第219章 老二也有人爭著當(1)
2024-05-22 01:57:29
作者: 雨涼
被他搶了吃的,柳雪嵐也不惱,平靜的從身旁的石頭上拿起另一份沒烤的野味,用木枝串上,繼續烤。
「柳雪嵐!」夏禮珣怒瞪著眼。可不管他將雙眼瞪多大,人家就跟他不存在似地。
好不容易將手中野味再度烤熟,還未等柳雪嵐放到嘴邊,突然又被人奪了去。
看了一眼身旁石頭上沒有什麼可烤的了,她面無表情的拍了拍手,提起裙擺就要離開。
「去哪?」夏禮珣突然將她手腕抓住,黑著臉問道。天都黑了,她還想去做什麼?也不怕碰到什麼豺狼虎豹?
「我去找吃的。」沒有回頭,她淡淡的回道,順便甩了甩手,想把那隻大手甩掉。
「拿去!」夏禮珣氣的胸口直抖,可看出她是真要去找東西吃的樣子,不得已,又只好將兩串野味還給她。
「別人碰過的我不想要,你還是留著自己吃吧。

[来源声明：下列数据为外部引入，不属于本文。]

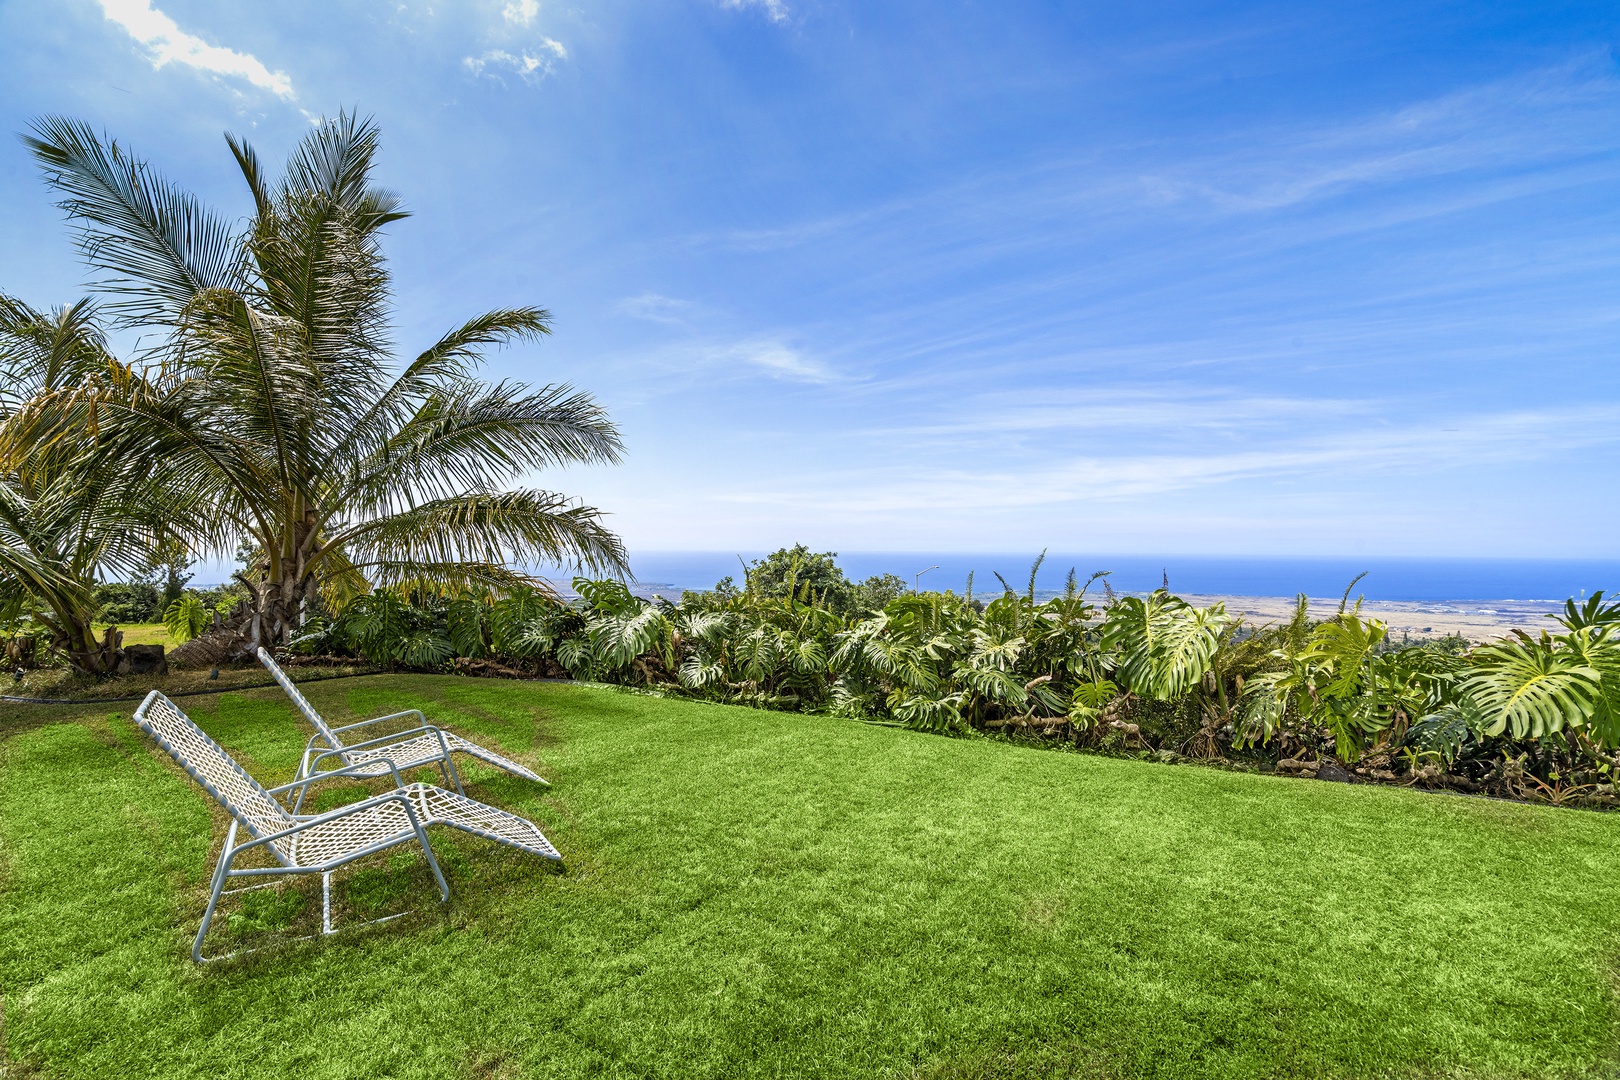 Kailua Kona Vacation Rentals, Piko Nani - Lounge on the lawn with breathtaking views!

」
聞言,夏禮珣再次吐血。「……」他一口還沒吃呢!
「拿去!」將手中串了野味的木枝強硬的塞到她手中,還不忘威脅道,「你要是敢扔了,本王今日就把你吃了!」
想到前兩日的事,他現在都咬牙切齒。
他好心好意去為她摘野果,結果她不領情就算了,還把他摘的東西全砸了。他打的野味,她更是看都不看一眼,每天她只吃自己的,喝自己的,睡自己,壓根就不管他是不是會餓死。
不都說女人最能照顧男人嗎?
為什麼這女人就不能關心照顧他?
害得他還故意餓了一整天,結果人家愣是連正眼都沒給過,更別說擔心什麼的,他那會兒,不是差點餓死,而是差點氣死。
拿著兩串烤好的野味,柳雪嵐也沒拒絕,轉身走到一旁的石頭上坐下,右手咬一口,左手咬一口,吃得津津有味。

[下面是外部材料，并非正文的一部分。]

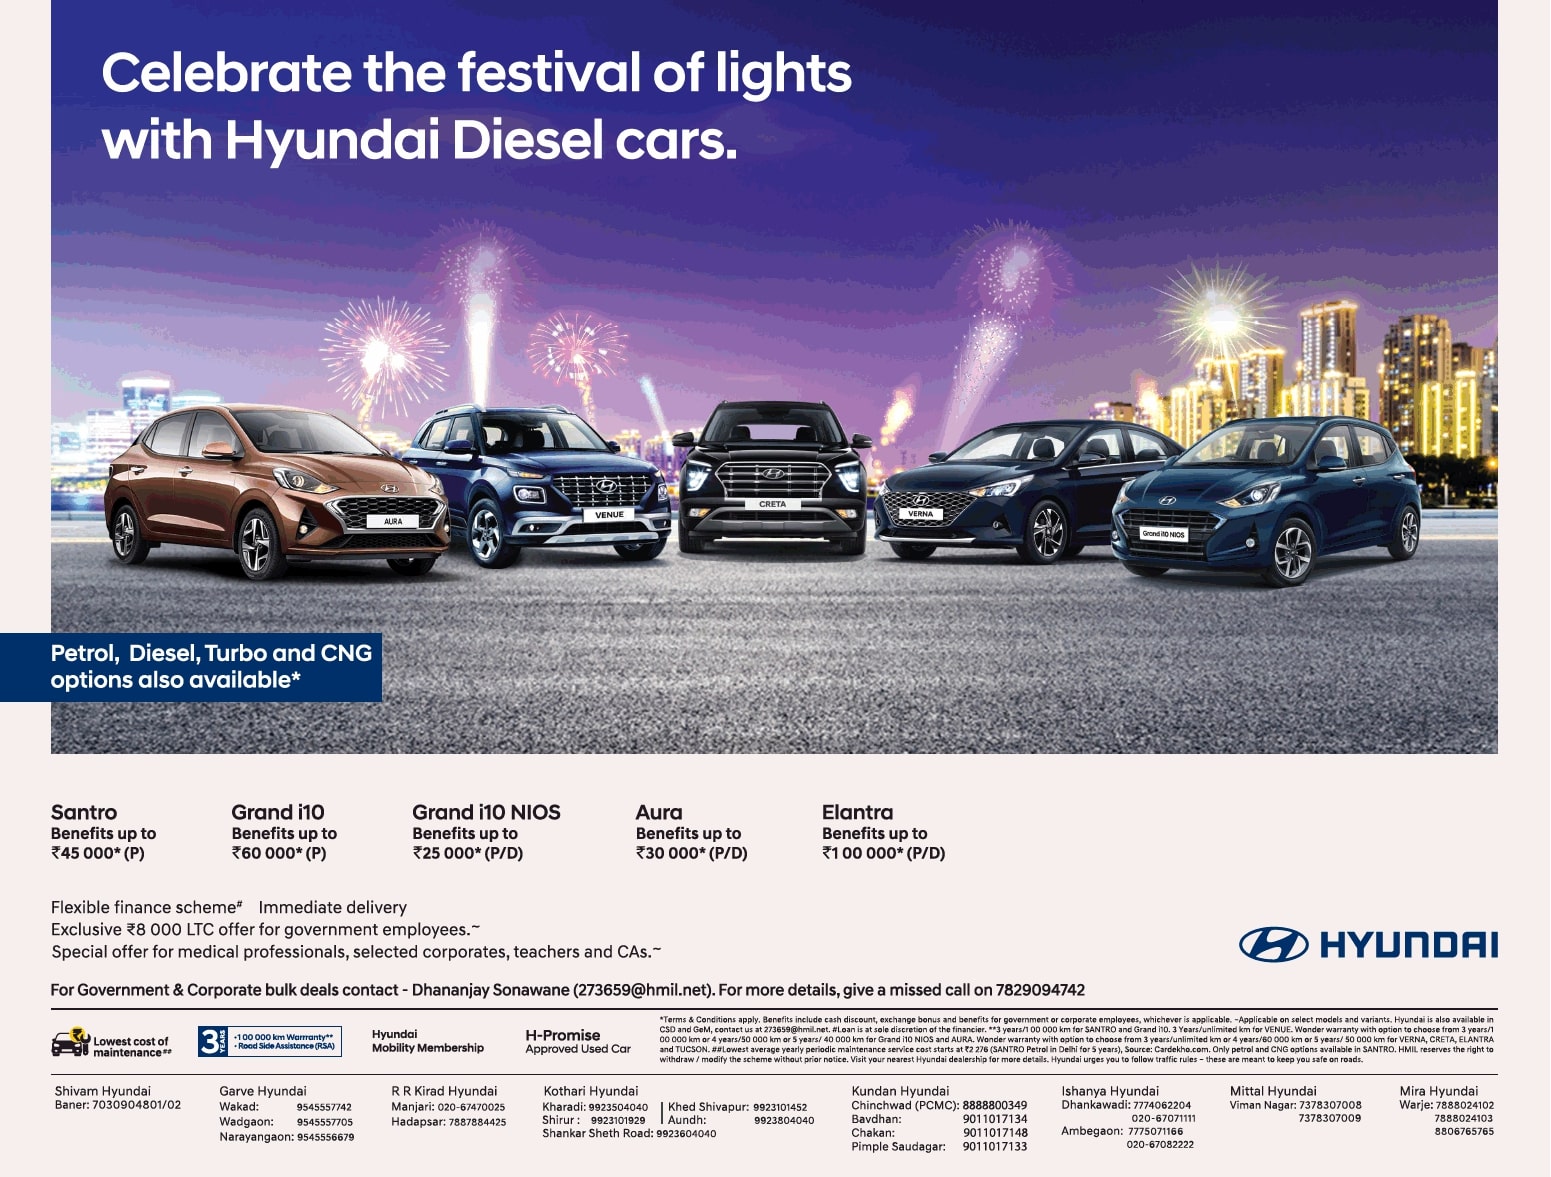 hyundai-celebrate-the-festival-of-lights-with-hyundai-diesel-cars-ad-toi-kolkata-12-11-2020

「……」被徹底無視的某爺表示極度蛋疼。一張臉青白交錯,磨牙聲更是嚯嚯的響起。這女人,就不能為他留一些?
天黑就睡覺,這是柳雪嵐這幾日的生活規律,吃完烤肉,她胡亂的擦了擦嘴巴,然後在一處乾草上直接躺下,閉眼準備開始睡覺。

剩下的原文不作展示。